Modeling refresher, consequences of correlation?

I could remember this, but do not. what are the consequences to including in your model variables with correlation? I say i have two correlated variables in my model. and i want to keep them in my model because there indicated relativities make sense, the direction of the relativities makes sense from a business perspective, p-values are low, standard deviations/confidence intervals of indicated factors are tight, and the data is consistent across test and training data.

This is for a GLM. Thanks!

Depending on the modeling software/program, a lot of unintended consequences can result.

Many programs will simply “exclude” one when fitting the model; that is, one will just be given a fixed parameter value of 1.000 for all values/levels and allow the other to be fitted normally.

But which one that is excluded may change between fittings (often, the order that the variables are presented to the software is used to determine this).
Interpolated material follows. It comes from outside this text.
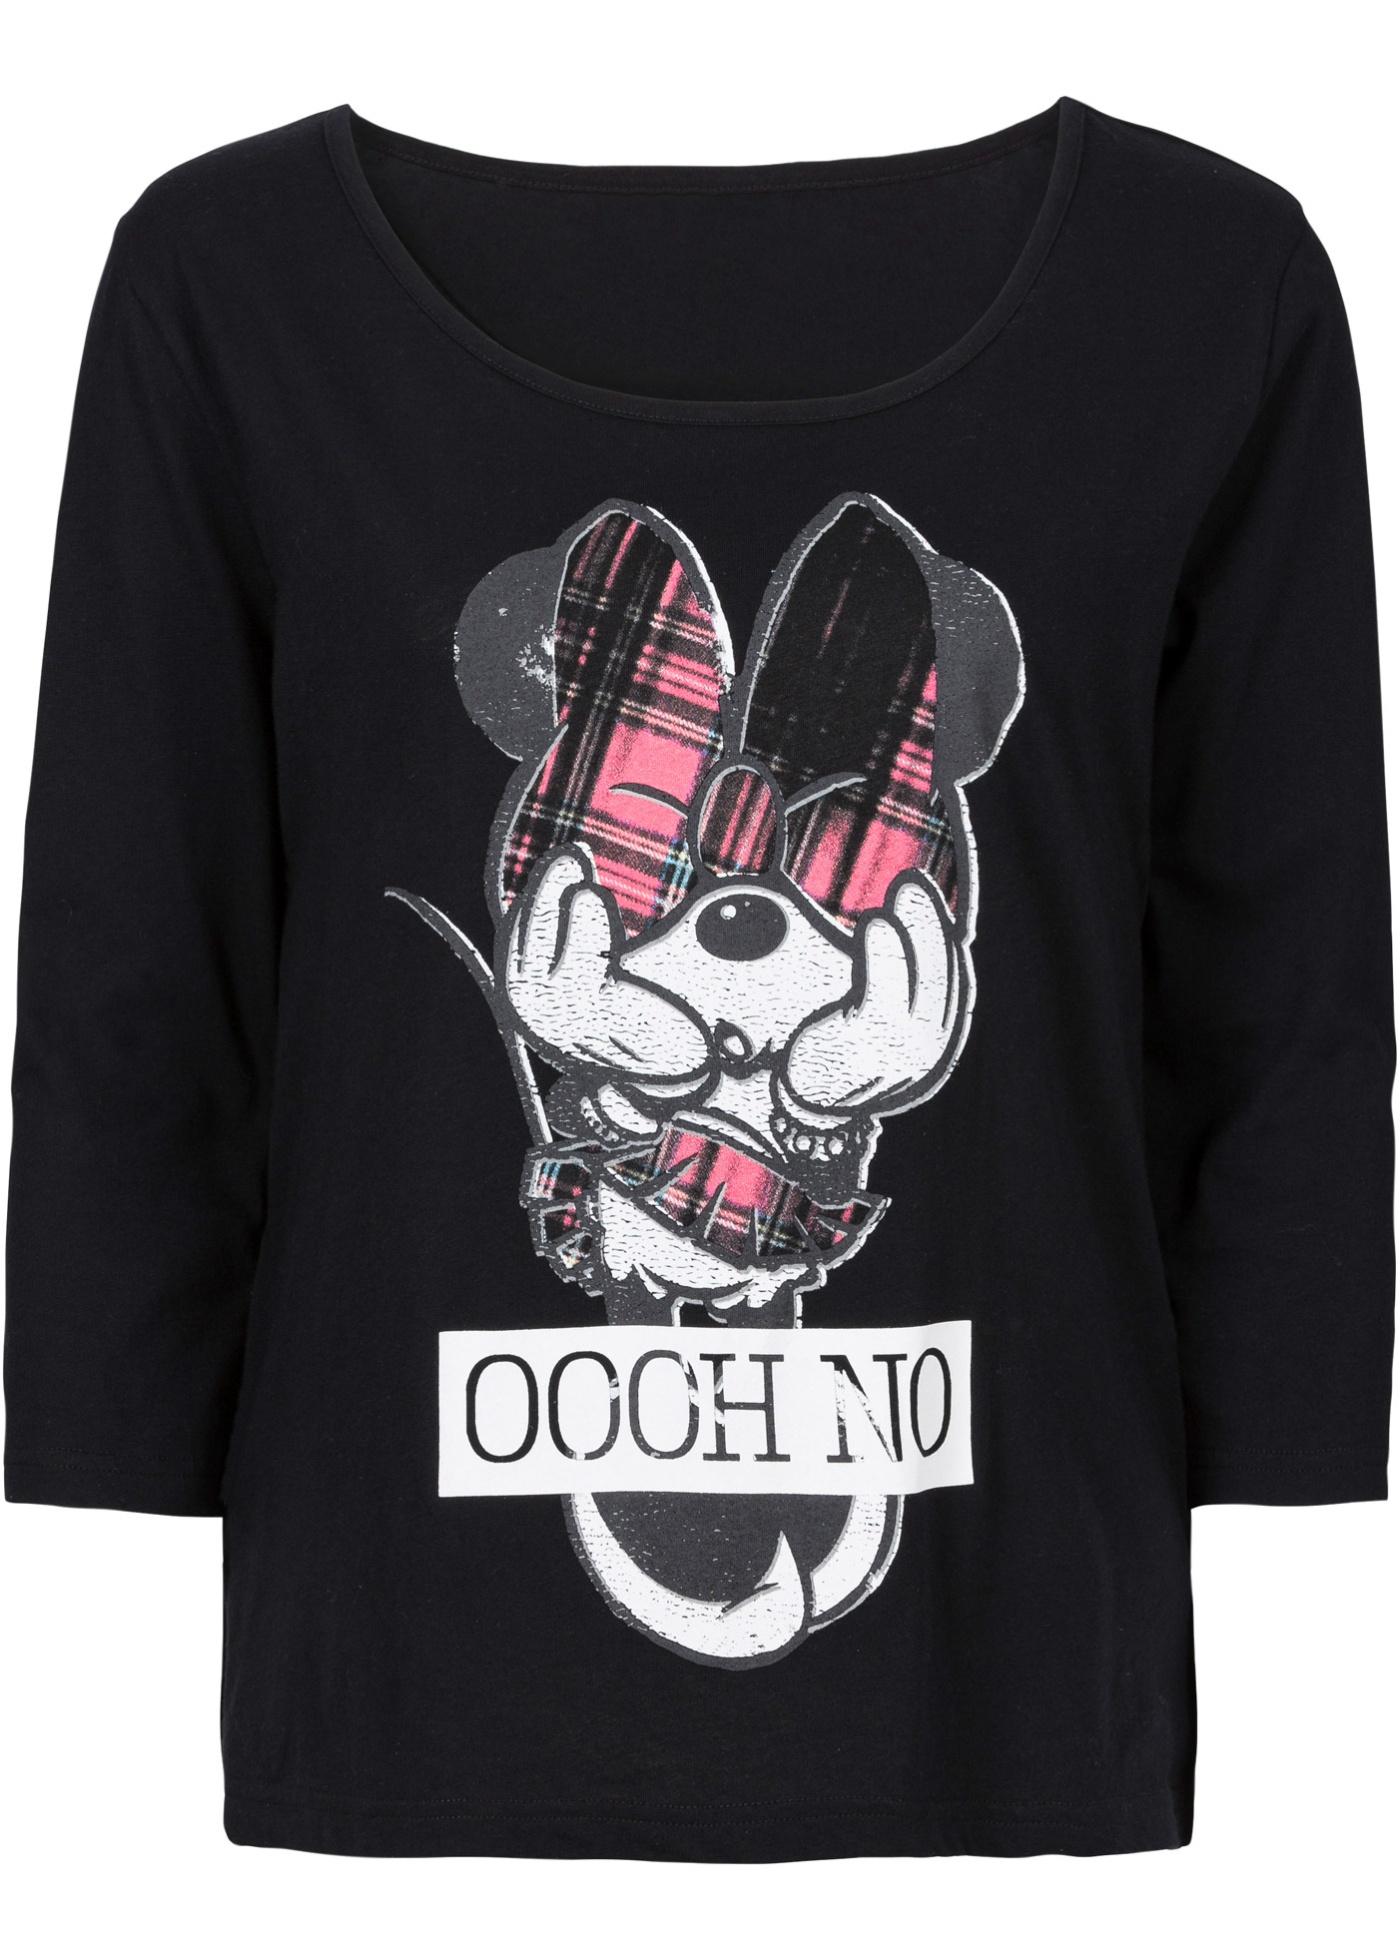 T-shirt mickey mouse noir manches mi-longues...

If one isn’t excluded, then you’ll get some rather “meaningless” results for the parameters as the model-fitting process is attempting to “assign” how much “weight” to give to the influence of each variable. For example, after one fitting, Variable_X has a parameter value of 0.805 and Variable_Y is 1.553. You make a few tweaks to some other, completely unrelated variables in the model; and then after you fit the model again, Variable_X is 3.558 and Variable_Y is 0.129.

As a tangent, this latter result is also similar to what happens if you select a level/value for the base that has sparse data.

Software output should tell you this is happening though I think?

Yes; but it’s not always “front-and-center” to a new user.

But it should be obvious if you’re looking at outputs and parameters/factors.

If you can, you want to transform the variables so that they are no longer strongly correlated.

If you cannot, then you in practice you almost want to treat them as a single variable. So p values should be calculated by removing both of them together, for example.

You also need to keep in mind that the model cannot necessarily separate out the effects of one from the other.

Suppose you are fitting math skills for school children and both “grade” and “age” are included in the fit. You should not expect the model to tell you whether age is really more important for math performance, or grade, because they will always appear together. There may be a few data points where this is not true, but you don’t want to rely on this for inference. In that case, you would want to include only one or the other in the fit, probably.

In this case, you’d probably want to calculate “difference from average age of grade.” That would create a variable like “age” that is not correlated with grade, or at least not much.

1 Like

Moderate correlation is fine, in fact, moderate correlation is the reason for fitting a GLM in the first place. If all the variables were perfectly independent, you could get away with univariate analyses.

Very high correlation causes the fitted parameters to be unstable and the estimated errors to inflate. Because there is some randomness involved in the fitting procedure, you might get very different parameter estimates on the same data. If you are not encountering this problem you are fine.

Near or perfect aliasing will cause convergence issues. If you are not encountering this problem either, then you are fine.

1 Like

Certainly less correlation from about grade 4 or 5 onward (or whenever social promotion to the next grade isn’t considered).

1 Like